Content starts
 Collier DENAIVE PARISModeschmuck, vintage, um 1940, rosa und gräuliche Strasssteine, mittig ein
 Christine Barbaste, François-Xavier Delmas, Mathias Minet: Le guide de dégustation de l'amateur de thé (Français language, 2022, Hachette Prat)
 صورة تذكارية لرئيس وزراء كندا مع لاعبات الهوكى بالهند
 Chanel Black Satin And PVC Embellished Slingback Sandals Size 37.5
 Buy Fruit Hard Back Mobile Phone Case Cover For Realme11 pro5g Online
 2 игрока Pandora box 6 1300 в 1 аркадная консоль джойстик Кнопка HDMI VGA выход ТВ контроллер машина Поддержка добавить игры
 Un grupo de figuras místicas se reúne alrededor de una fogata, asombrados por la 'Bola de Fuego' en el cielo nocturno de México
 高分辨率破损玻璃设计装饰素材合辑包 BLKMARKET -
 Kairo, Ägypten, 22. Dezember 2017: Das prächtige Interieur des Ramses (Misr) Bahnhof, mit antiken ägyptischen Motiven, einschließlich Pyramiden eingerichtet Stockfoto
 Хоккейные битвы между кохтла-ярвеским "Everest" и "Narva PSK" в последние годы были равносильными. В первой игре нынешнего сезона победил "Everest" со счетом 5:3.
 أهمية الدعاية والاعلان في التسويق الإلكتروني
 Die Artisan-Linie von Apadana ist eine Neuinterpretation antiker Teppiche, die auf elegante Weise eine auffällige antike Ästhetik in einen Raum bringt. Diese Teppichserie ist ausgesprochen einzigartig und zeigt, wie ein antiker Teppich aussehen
Content ends
What you return must match the records exactly, line for line.

 Collier DENAIVE PARISModeschmuck, vintage, um 1940, rosa und gräuliche Strasssteine, mittig ein
 Christine Barbaste, François-Xavier Delmas, Mathias Minet: Le guide de dégustation de l'amateur de thé (Français language, 2022, Hachette Prat)
 صورة تذكارية لرئيس وزراء كندا مع لاعبات الهوكى بالهند
 Chanel Black Satin And PVC Embellished Slingback Sandals Size 37.5
 Buy Fruit Hard Back Mobile Phone Case Cover For Realme11 pro5g Online
 2 игрока Pandora box 6 1300 в 1 аркадная консоль джойстик Кнопка HDMI VGA выход ТВ контроллер машина Поддержка добавить игры
 Un grupo de figuras místicas se reúne alrededor de una fogata, asombrados por la 'Bola de Fuego' en el cielo nocturno de México
 高分辨率破损玻璃设计装饰素材合辑包 BLKMARKET -
 Kairo, Ägypten, 22. Dezember 2017: Das prächtige Interieur des Ramses (Misr) Bahnhof, mit antiken ägyptischen Motiven, einschließlich Pyramiden eingerichtet Stockfoto
 Хоккейные битвы между кохтла-ярвеским "Everest" и "Narva PSK" в последние годы были равносильными. В первой игре нынешнего сезона победил "Everest" со счетом 5:3.
 أهمية الدعاية والاعلان في التسويق الإلكتروني
 Die Artisan-Linie von Apadana ist eine Neuinterpretation antiker Teppiche, die auf elegante Weise eine auffällige antike Ästhetik in einen Raum bringt. Diese Teppichserie ist ausgesprochen einzigartig und zeigt, wie ein antiker Teppich aussehen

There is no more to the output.